[Collection entries]
- - - -

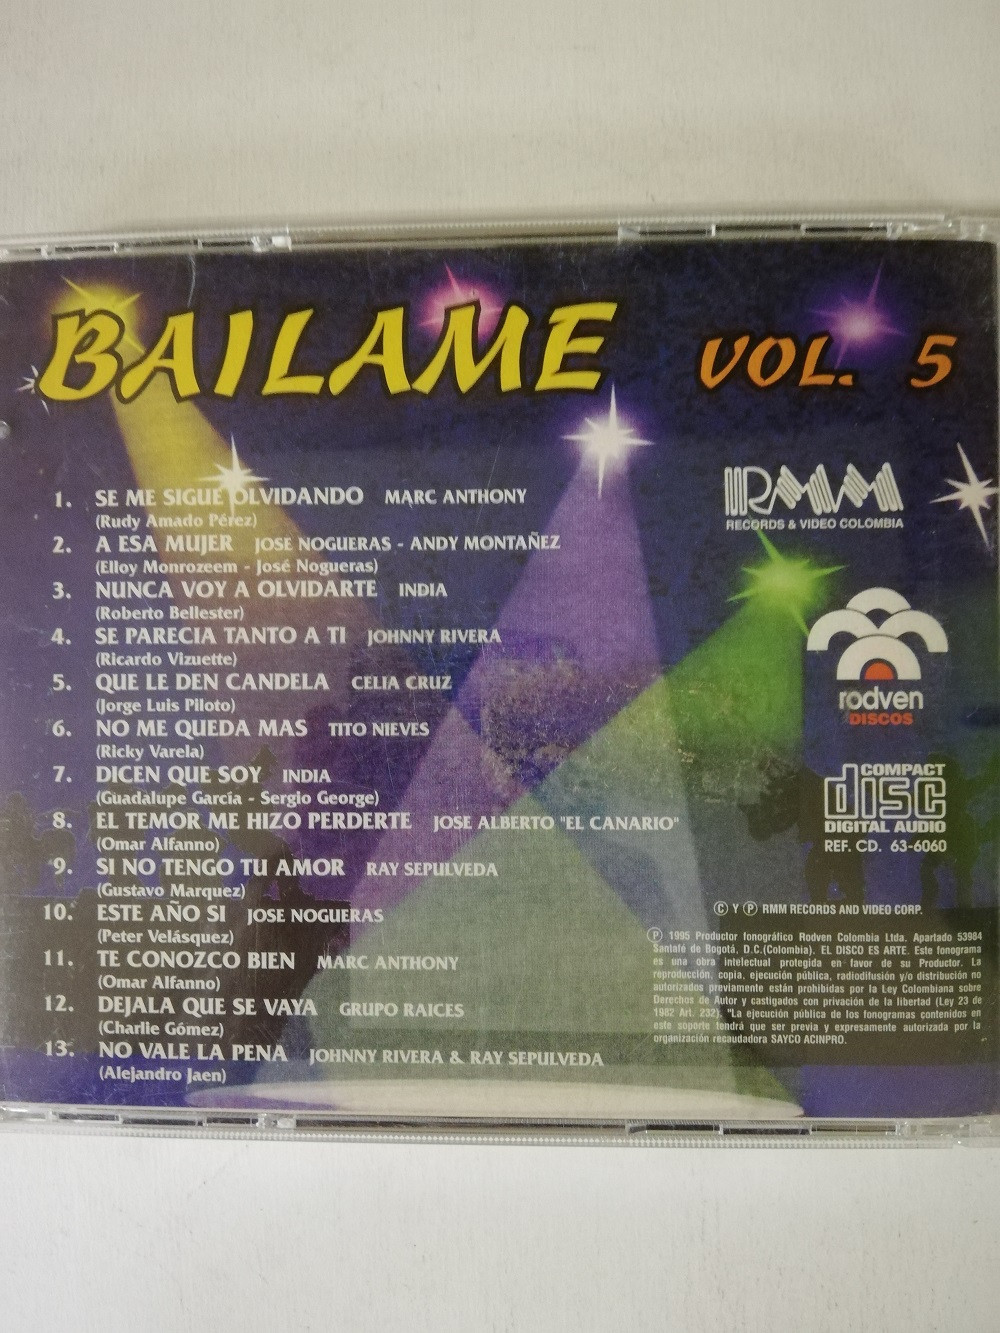 Imagen CD BAILAME - BAILAME VOL. 5 2
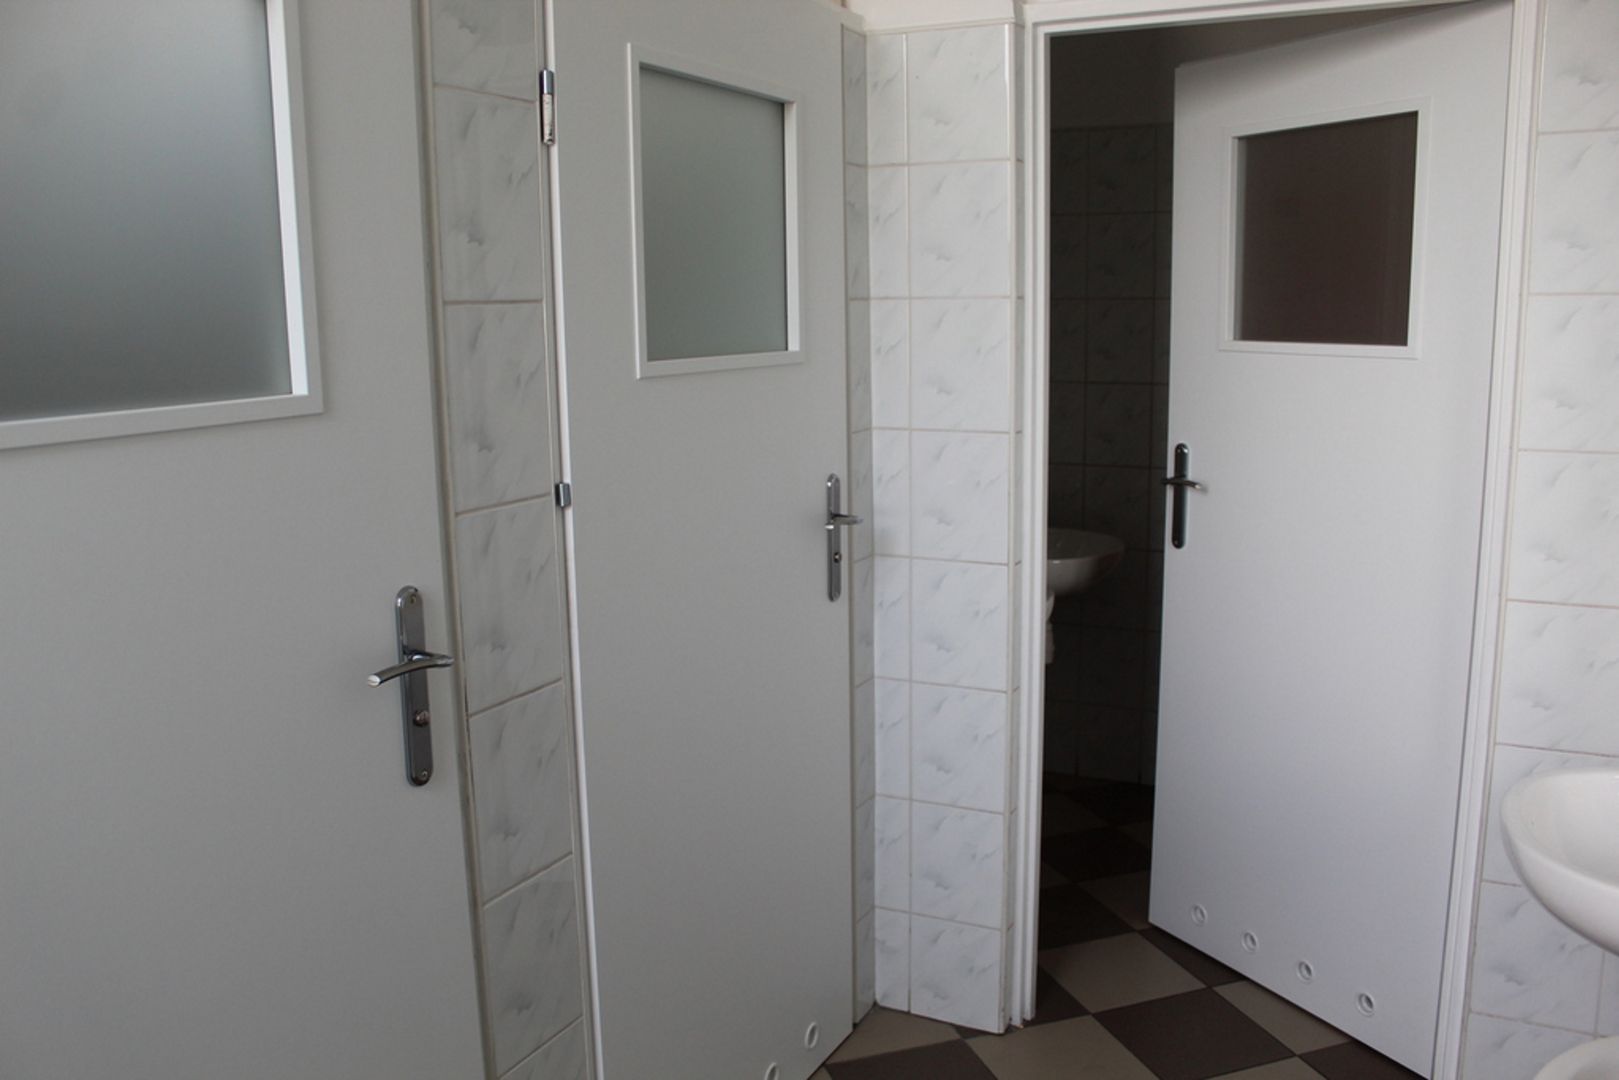 W poznańskiej szkole wymontowano drzwi do łazienek. Uczniowie oburzeni
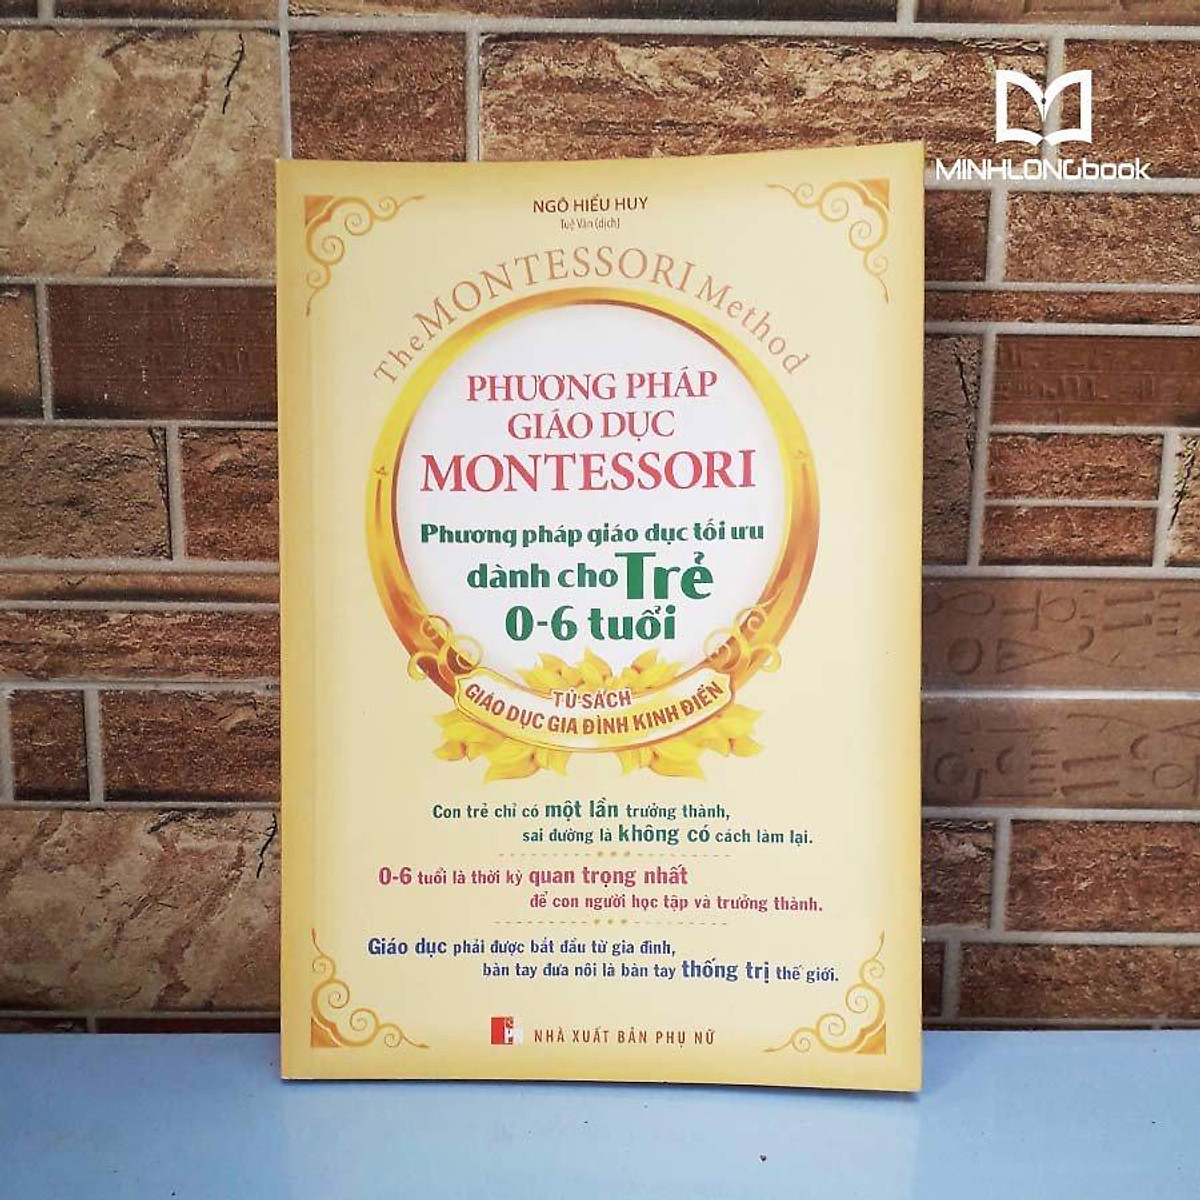 Sách: Phương pháp giáo dục Montessori - Phương pháp giáo dục tối ưu dành cho trẻ 0-6 tuổi - TSTN
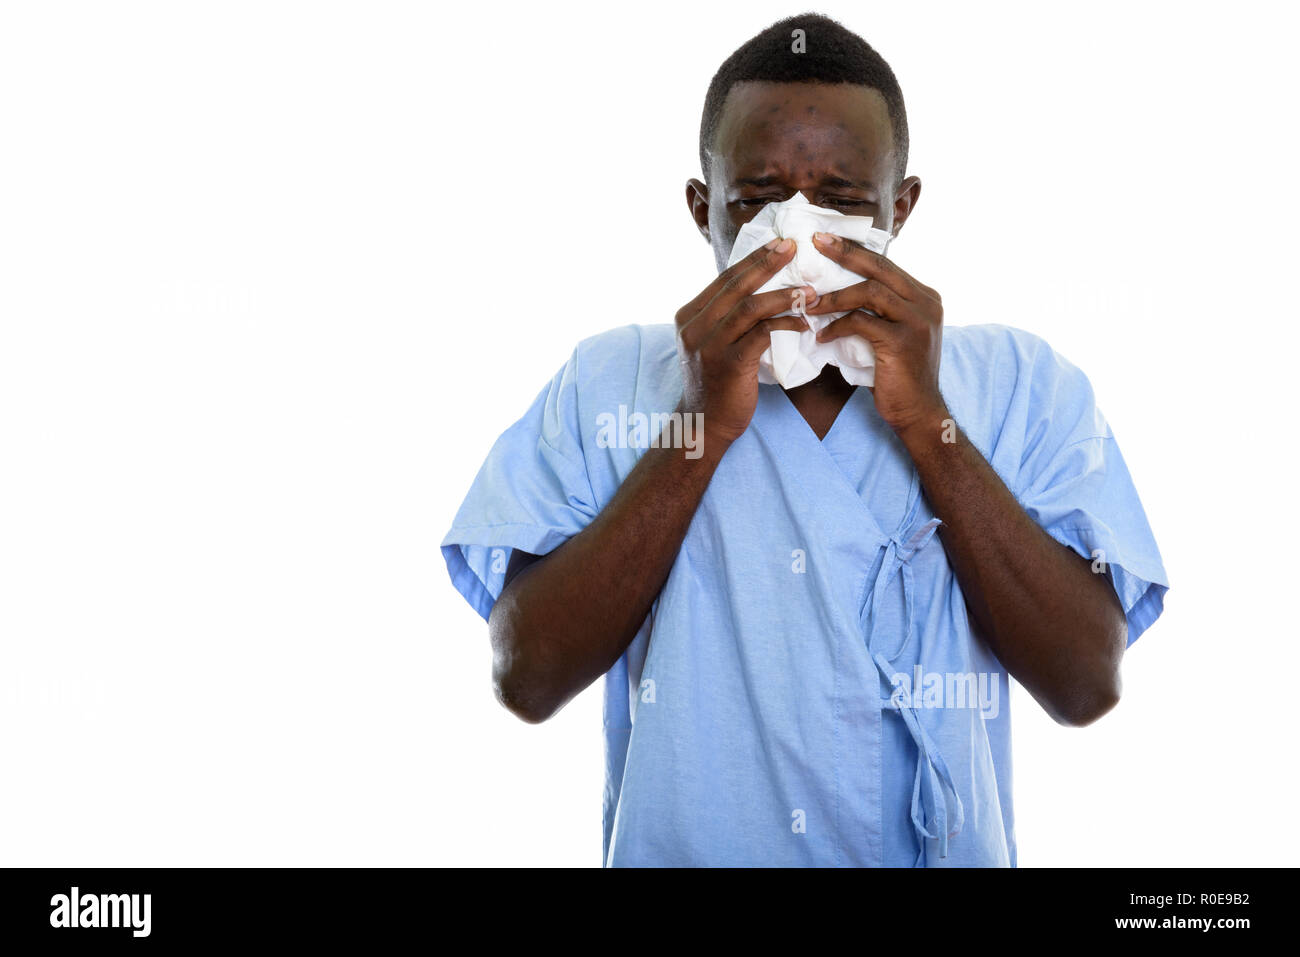 Foto de estudio de la joven paciente hombre negro africano sopla su nariz Foto de stock
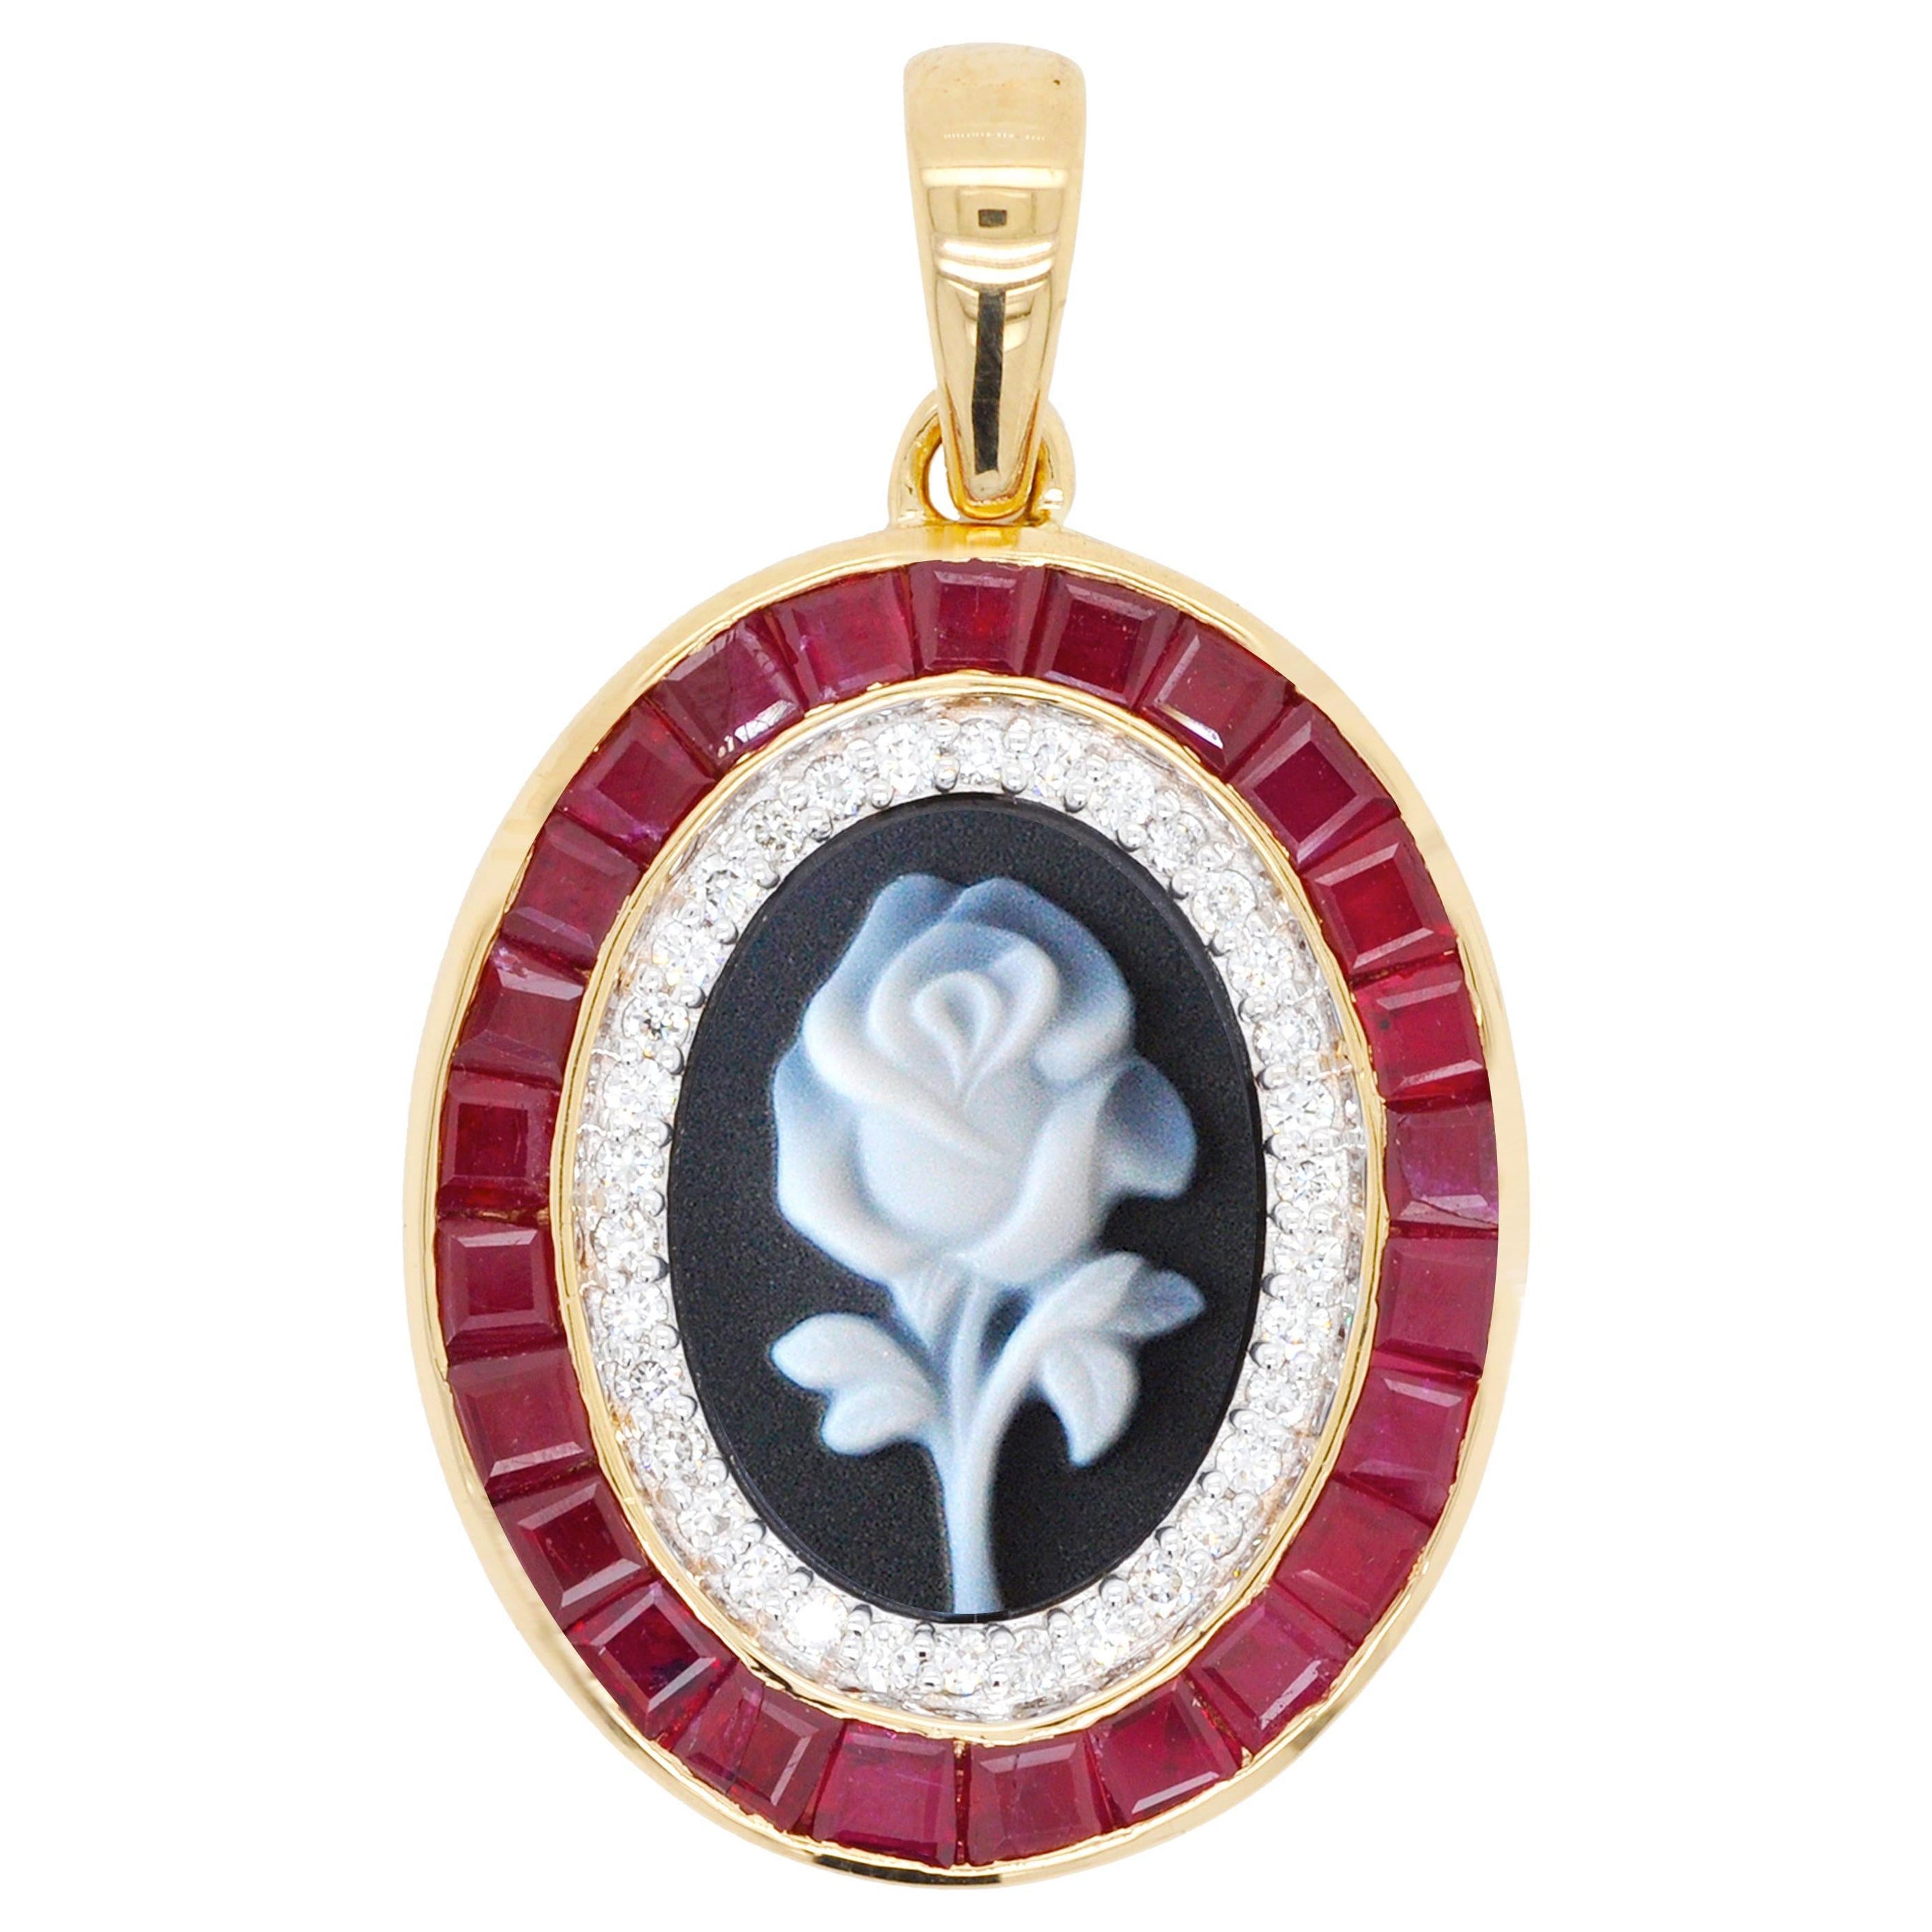 Collier pendentif camée en or 18 carats avec diamants et agate rose en rubis de Birmanie, taille calibre

- - - -

■ WORK ITEM: I'd like the data above duplicated exactly, with no pictures included.

■ EXPECTED ANSWER:
 Imagen CD BAILAME - BAILAME VOL. 5 2
 W poznańskiej szkole wymontowano drzwi do łazienek. Uczniowie oburzeni
 Sách: Phương pháp giáo dục Montessori - Phương pháp giáo dục tối ưu dành cho trẻ 0-6 tuổi - TSTN
 Foto de estudio de la joven paciente hombre negro africano sopla su nariz Foto de stock
 Collier pendentif camée en or 18 carats avec diamants et agate rose en rubis de Birmanie, taille calibre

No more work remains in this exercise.